### Your assignment
Once the pictures are set aside, reproduce the remaining data exactly.

### Dataset extract

══════════

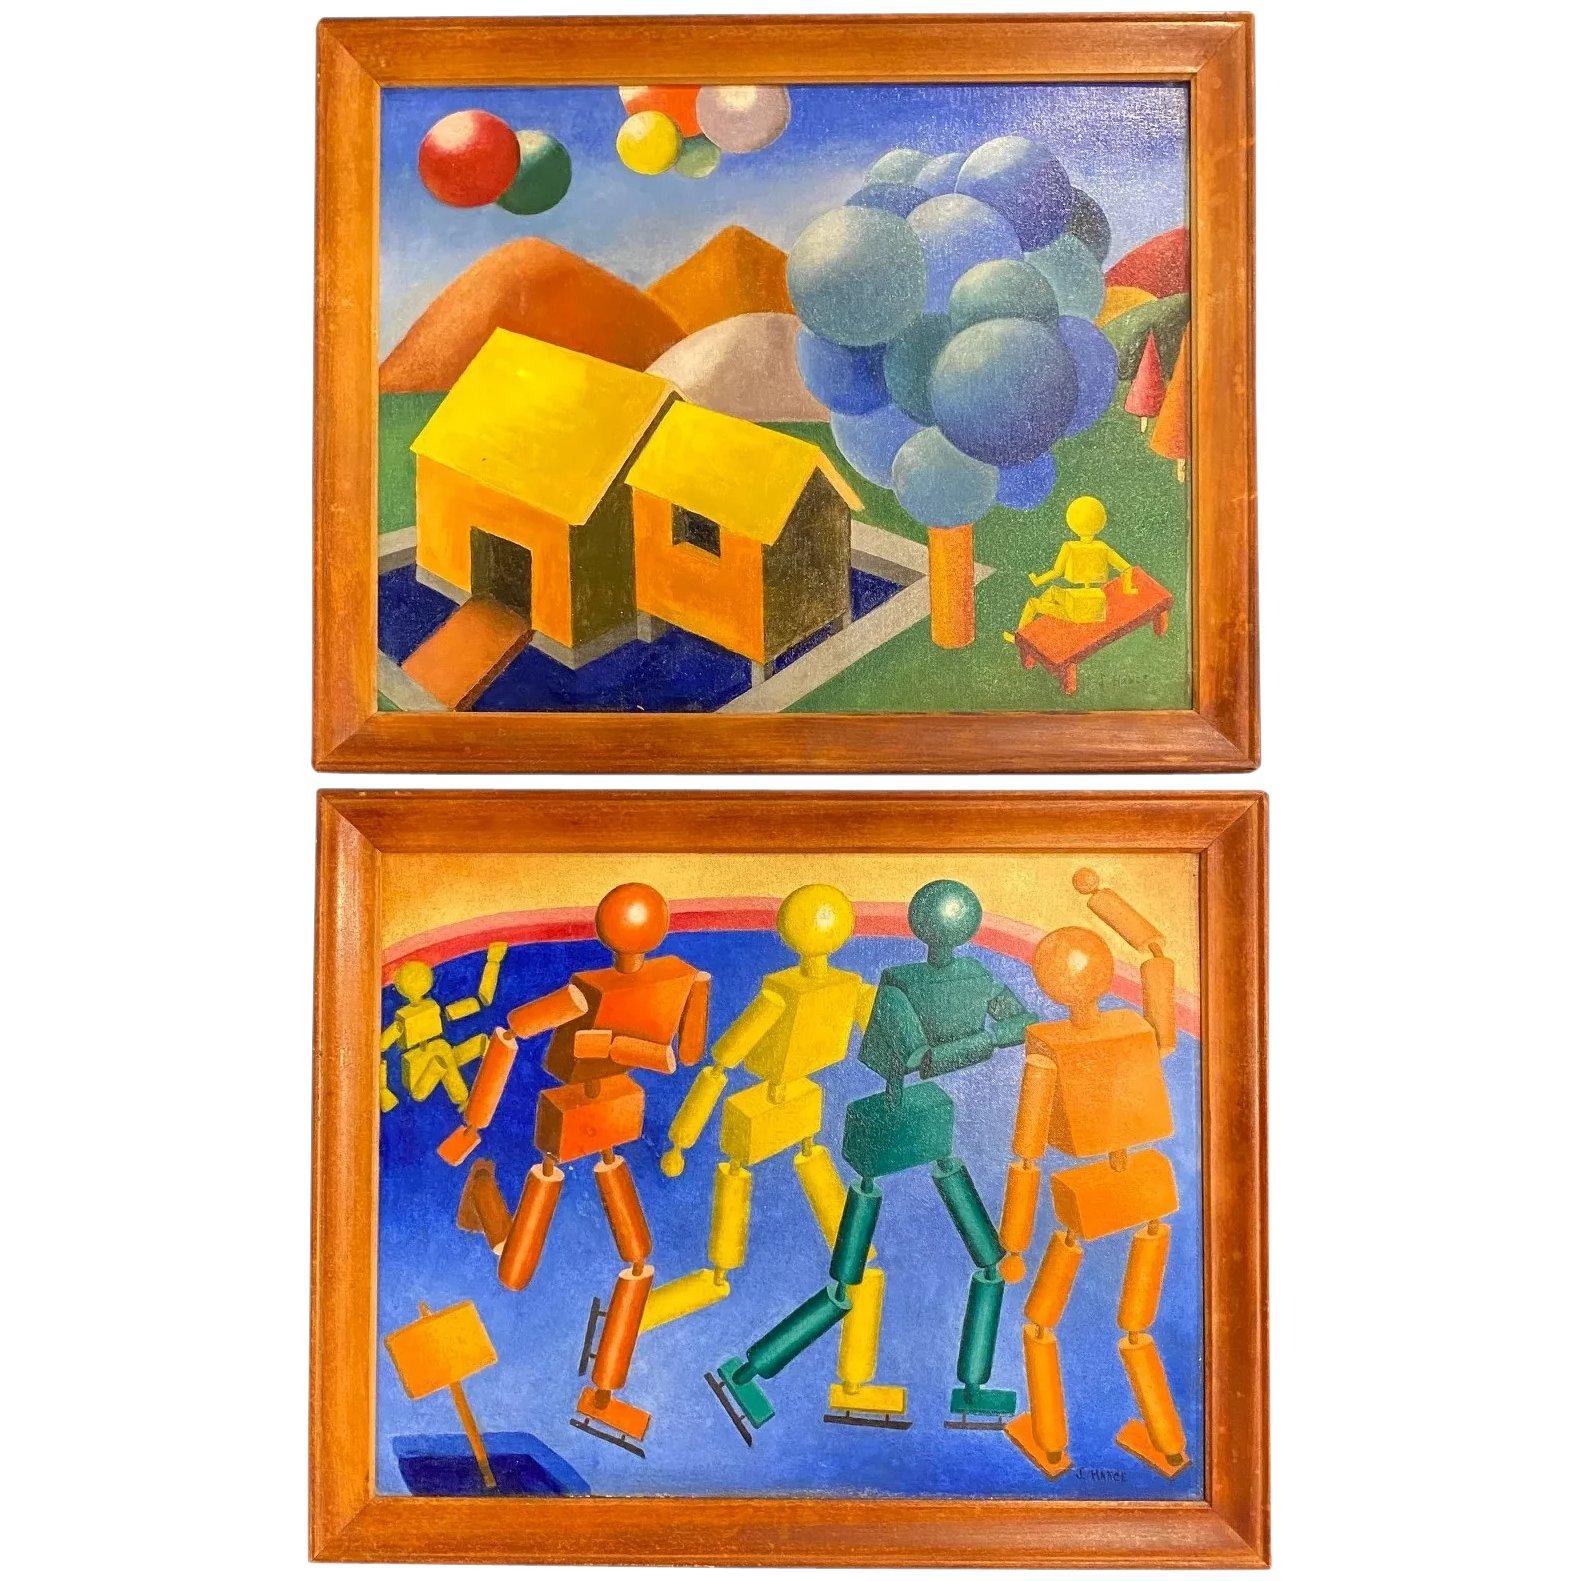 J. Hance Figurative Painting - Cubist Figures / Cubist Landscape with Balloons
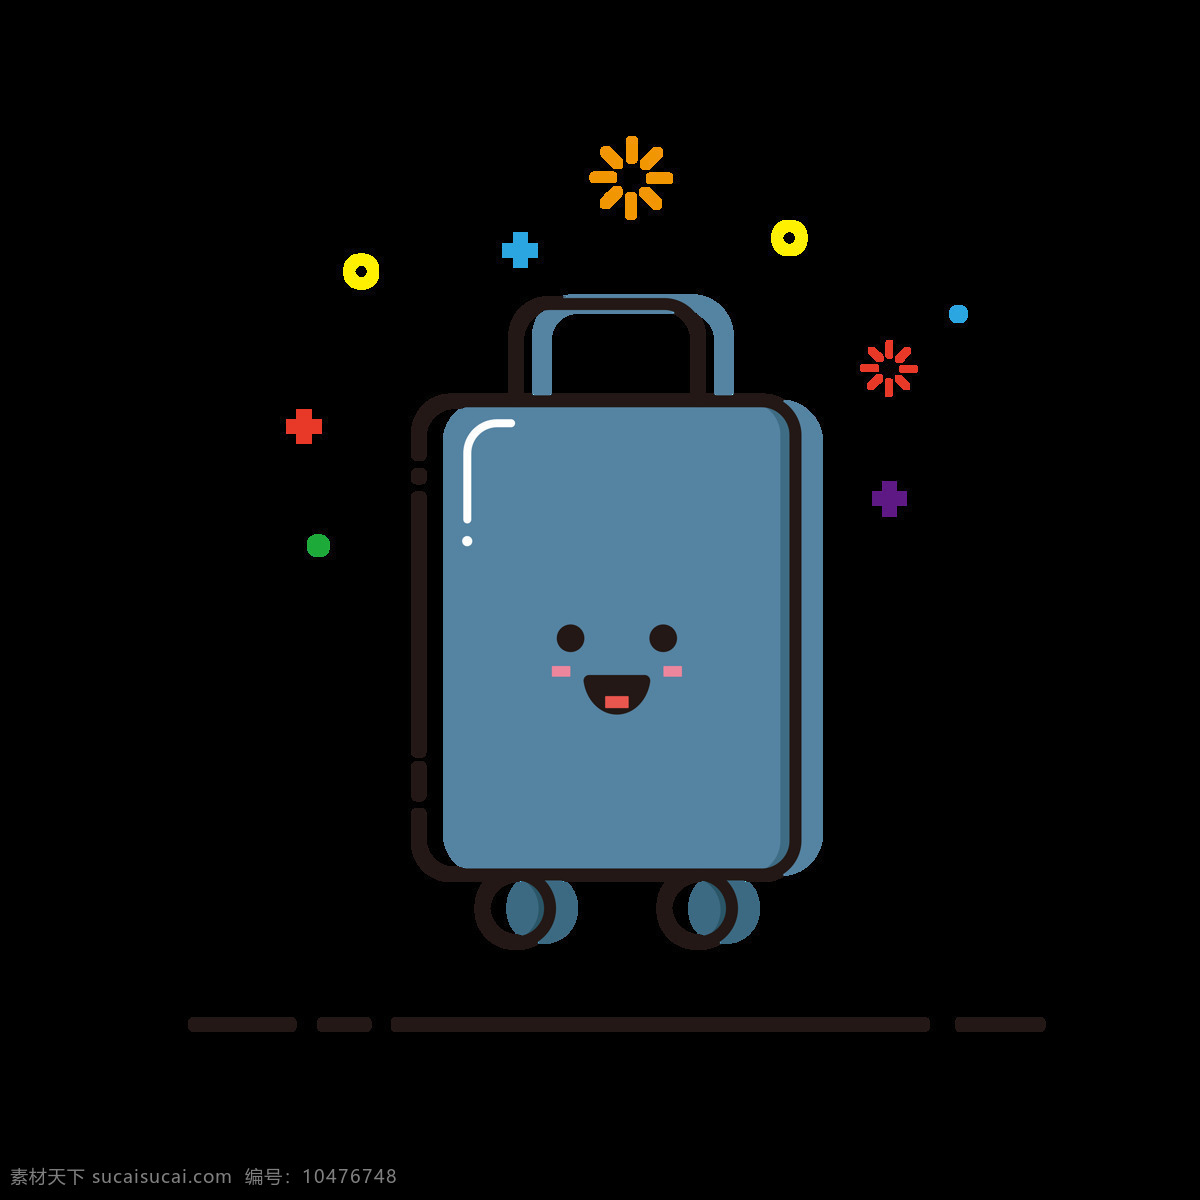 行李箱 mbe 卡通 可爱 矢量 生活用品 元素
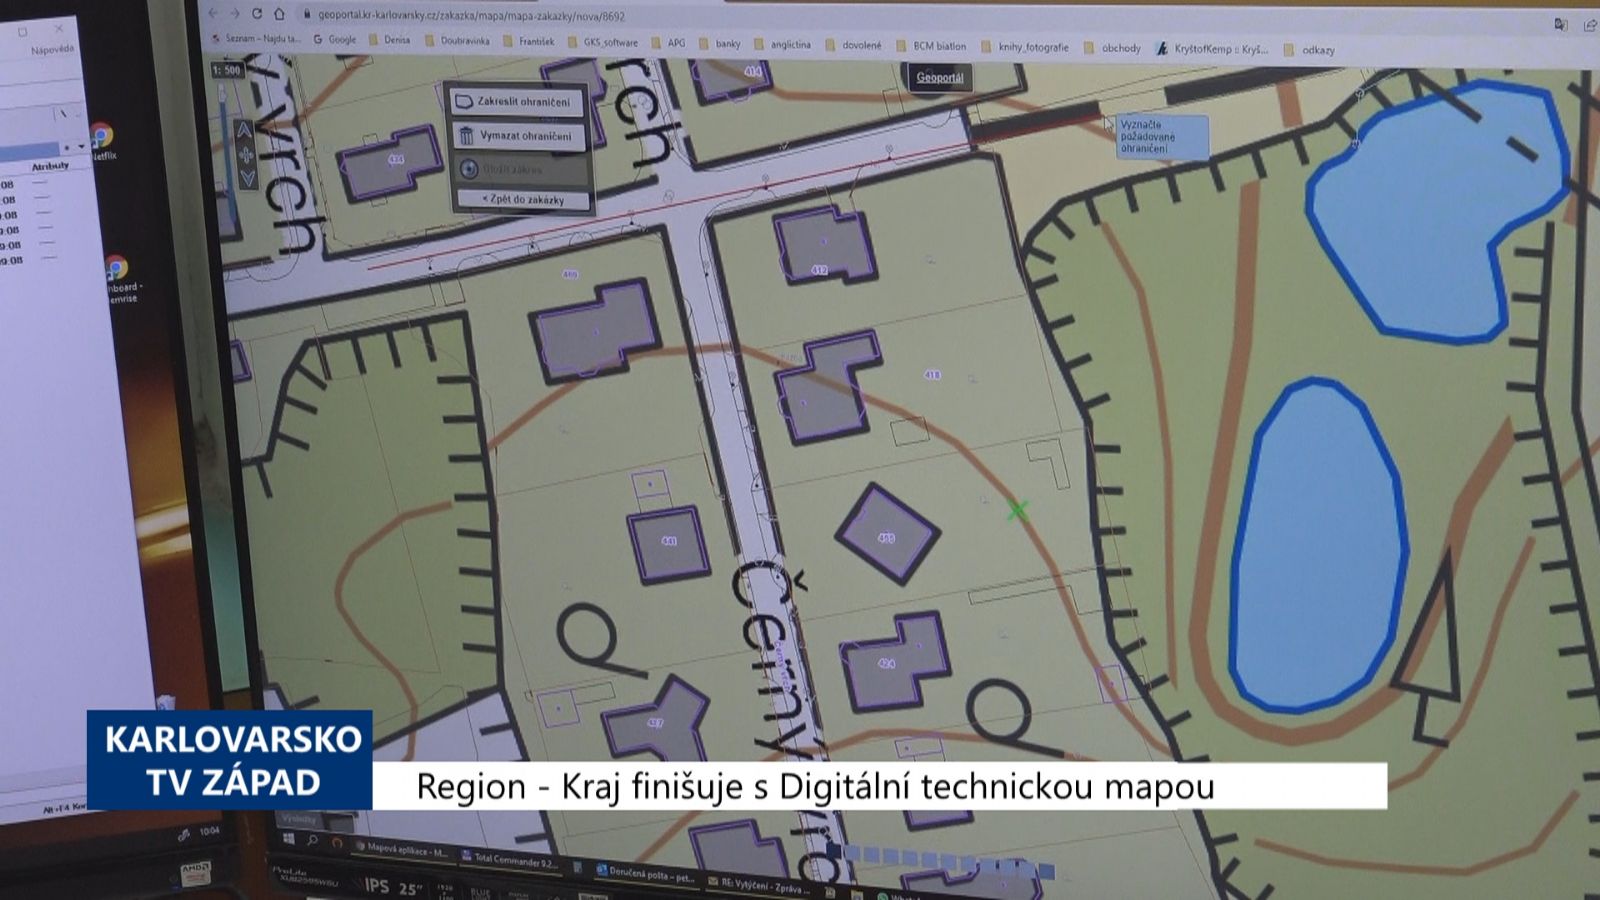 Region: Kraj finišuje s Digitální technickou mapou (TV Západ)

══════════

### Response below
 J. Hance Figurative Painting - Cubist Figures / Cubist Landscape with Balloons
 行李箱 mbe 卡通 可爱 矢量 生活用品 元素
 Region: Kraj finišuje s Digitální technickou mapou (TV Západ)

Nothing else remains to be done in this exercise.